Recorded information:
####################

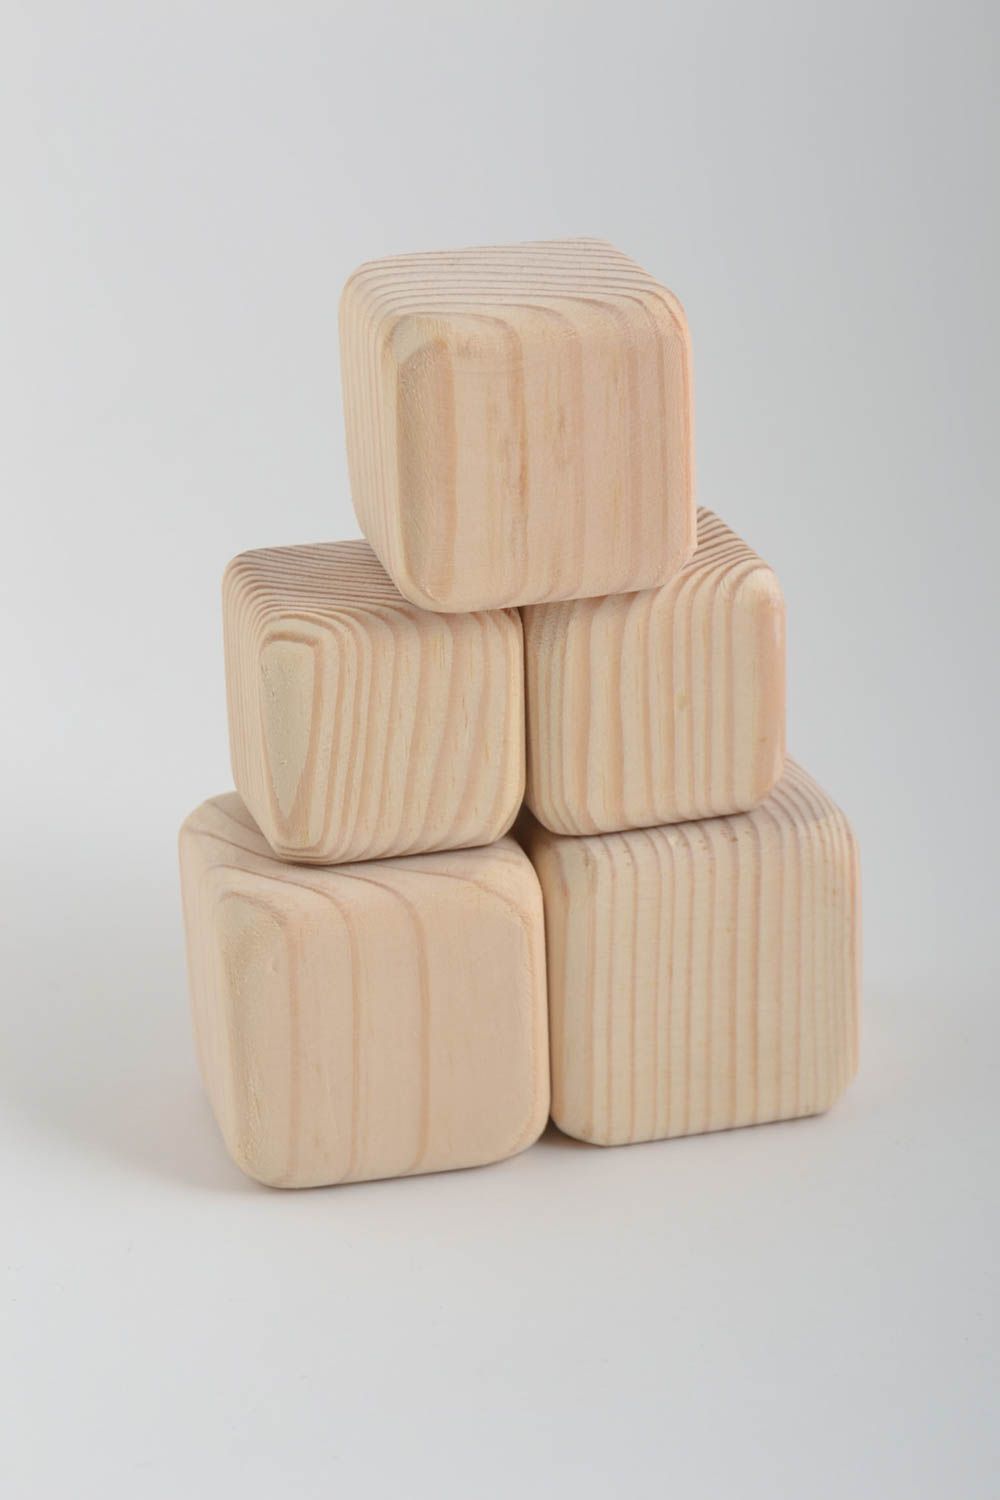 Conjunto de 5 cubos de madera hechos a mano juguetes para niños regalo original  foto 3
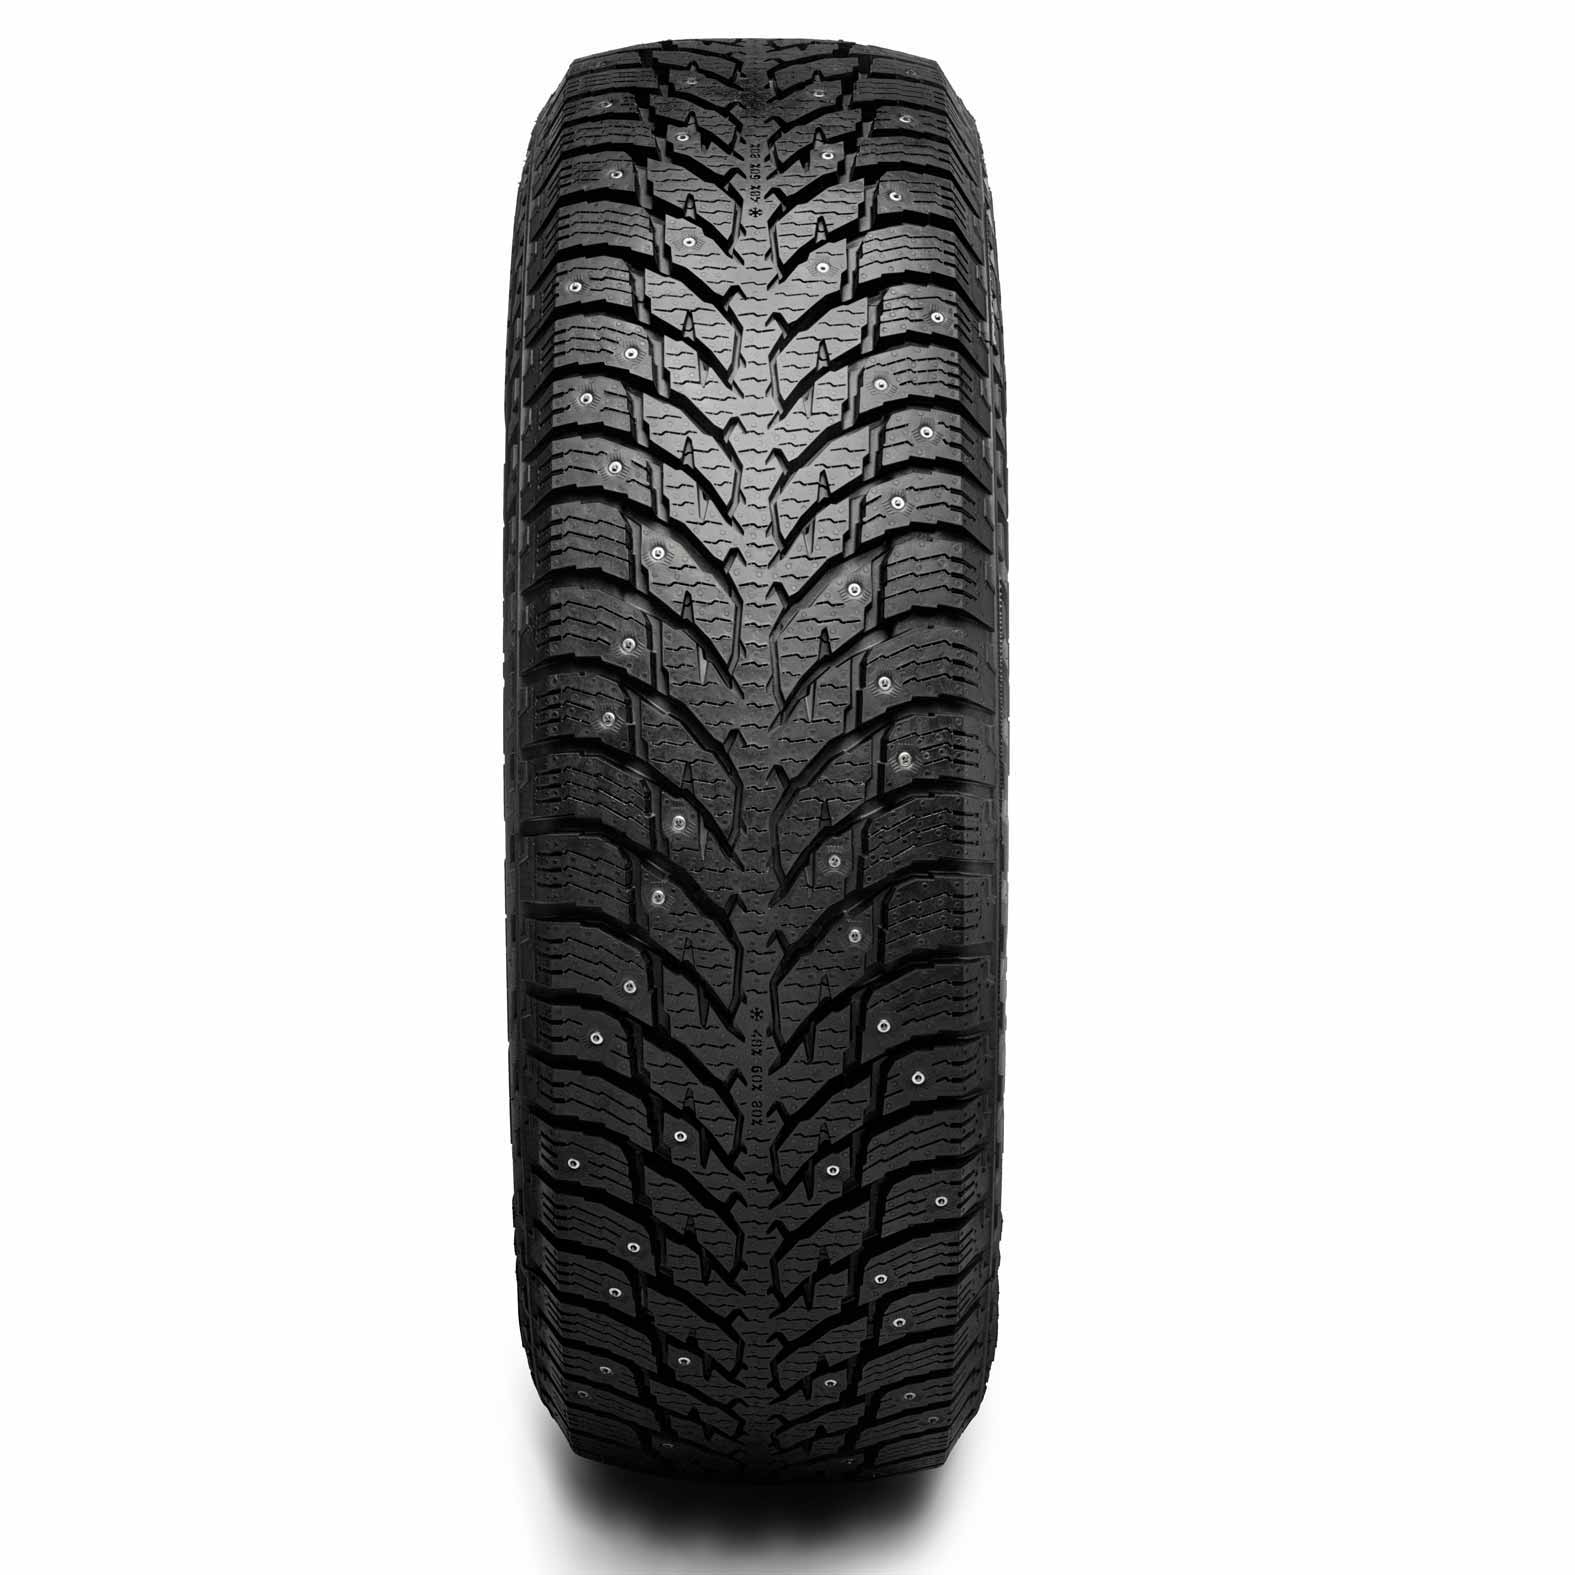 LT3 studded Winter Tire | Nokian for Tires Kal Hakkapeliitta
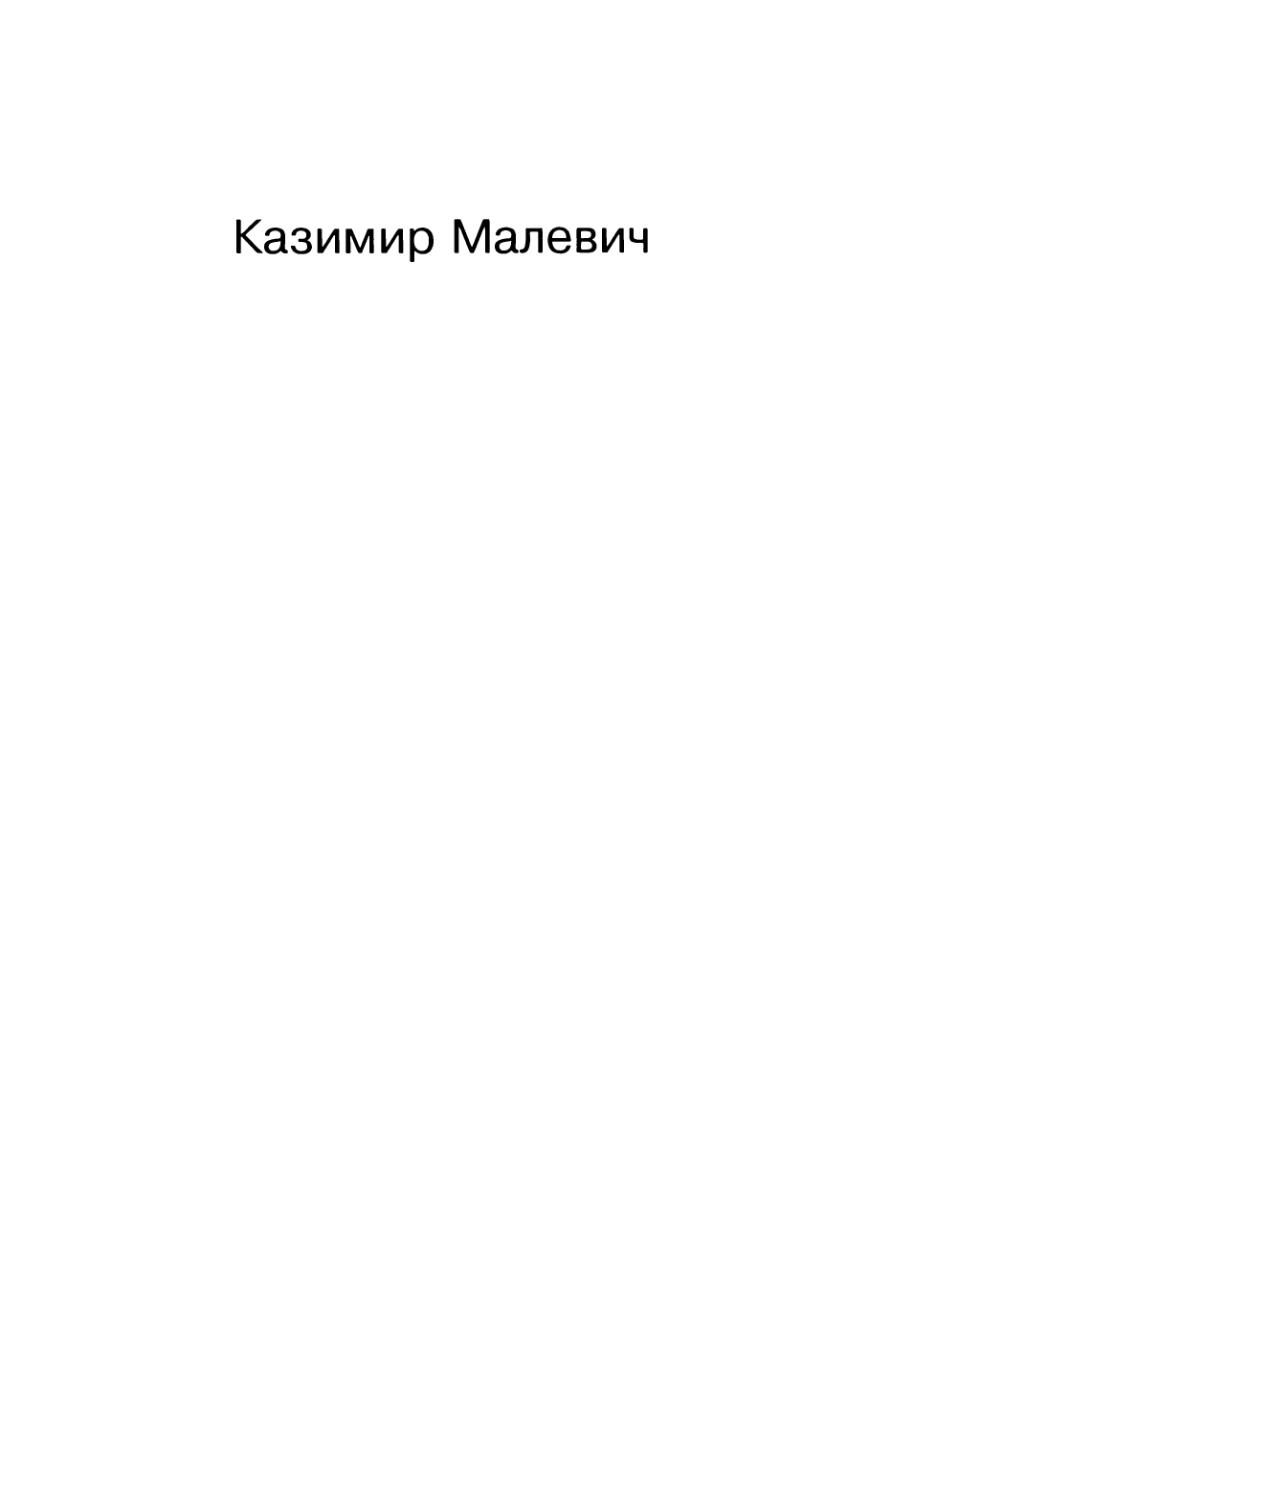 Малевич К. Том 1. Статьи, манифесты, теоретические сочинения и другие работы. 1913-1929 - 1995
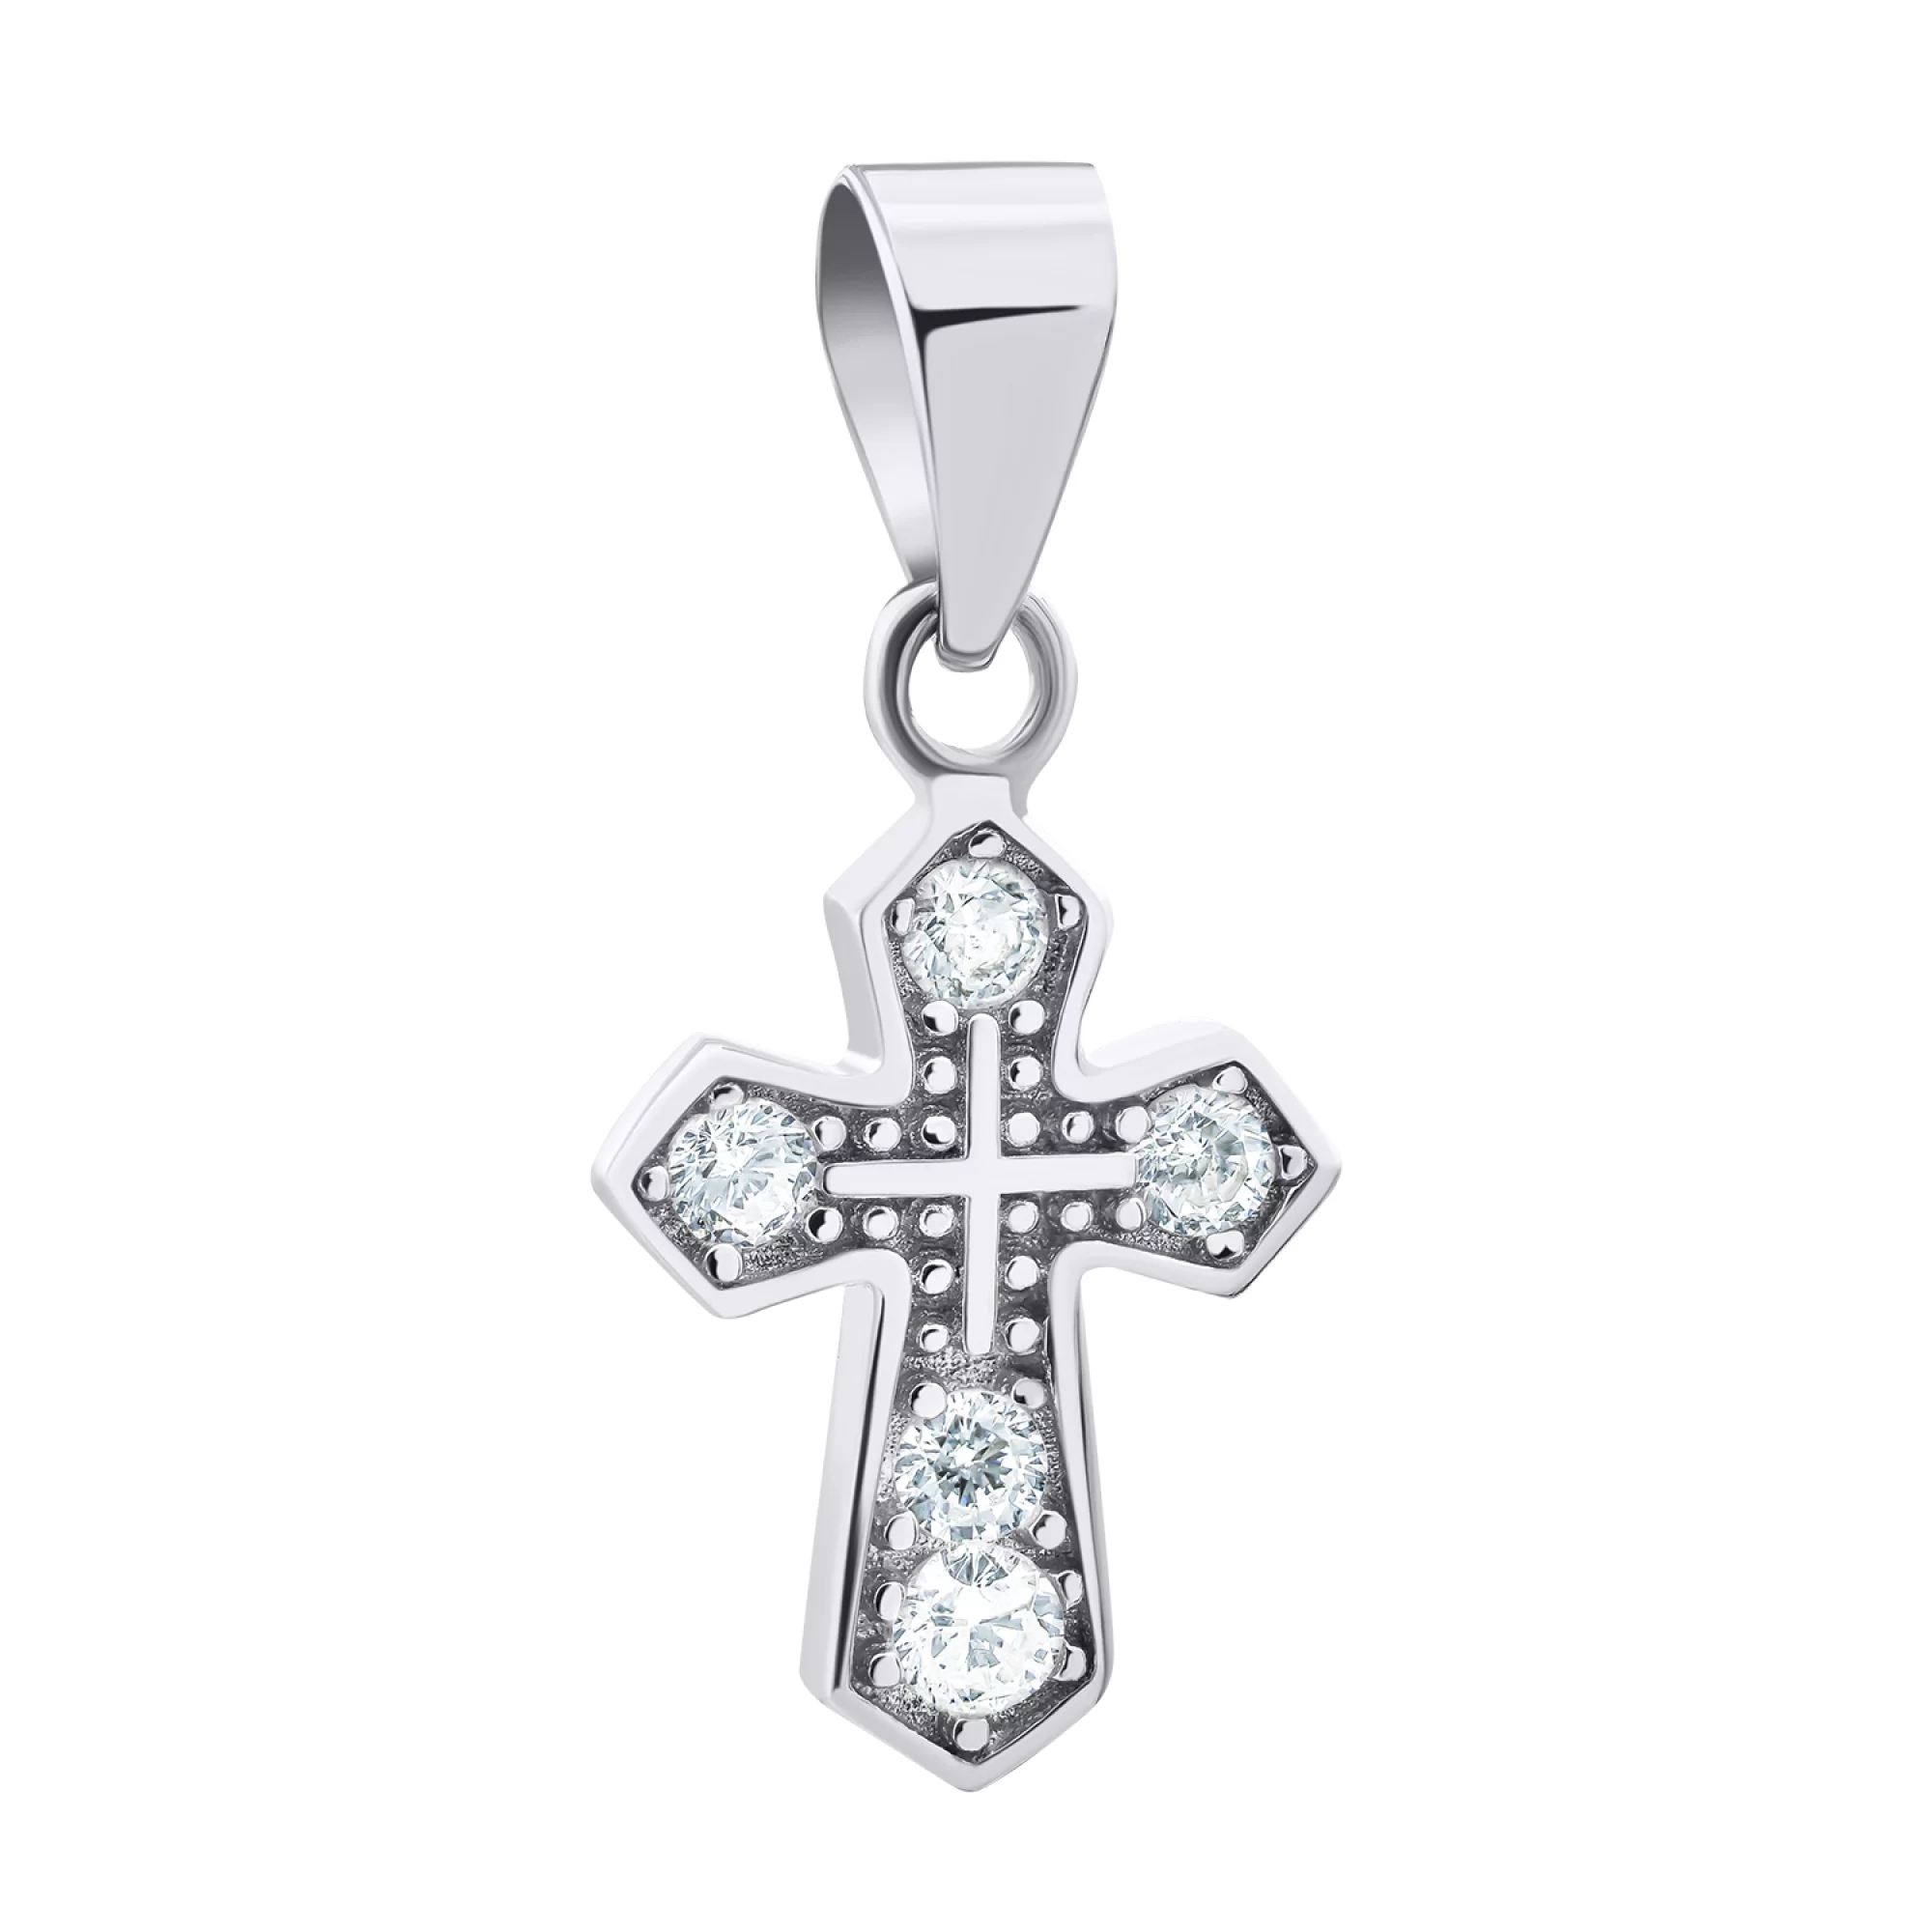 Декоративный крестик из серебра с фианитами - 1521070 – изображение 1

####################

Exercise description: Each line above is to be repeated exactly as written; no picture is carried over.

Output of the task:
 Conjunto de 5 cubos de madera hechos a mano juguetes para niños regalo original  foto 3
 LT3 studded Winter Tire | Nokian for Tires Kal Hakkapeliitta
 Малевич К. Том 1. Статьи, манифесты, теоретические сочинения и другие работы. 1913-1929 - 1995
 Декоративный крестик из серебра с фианитами - 1521070 – изображение 1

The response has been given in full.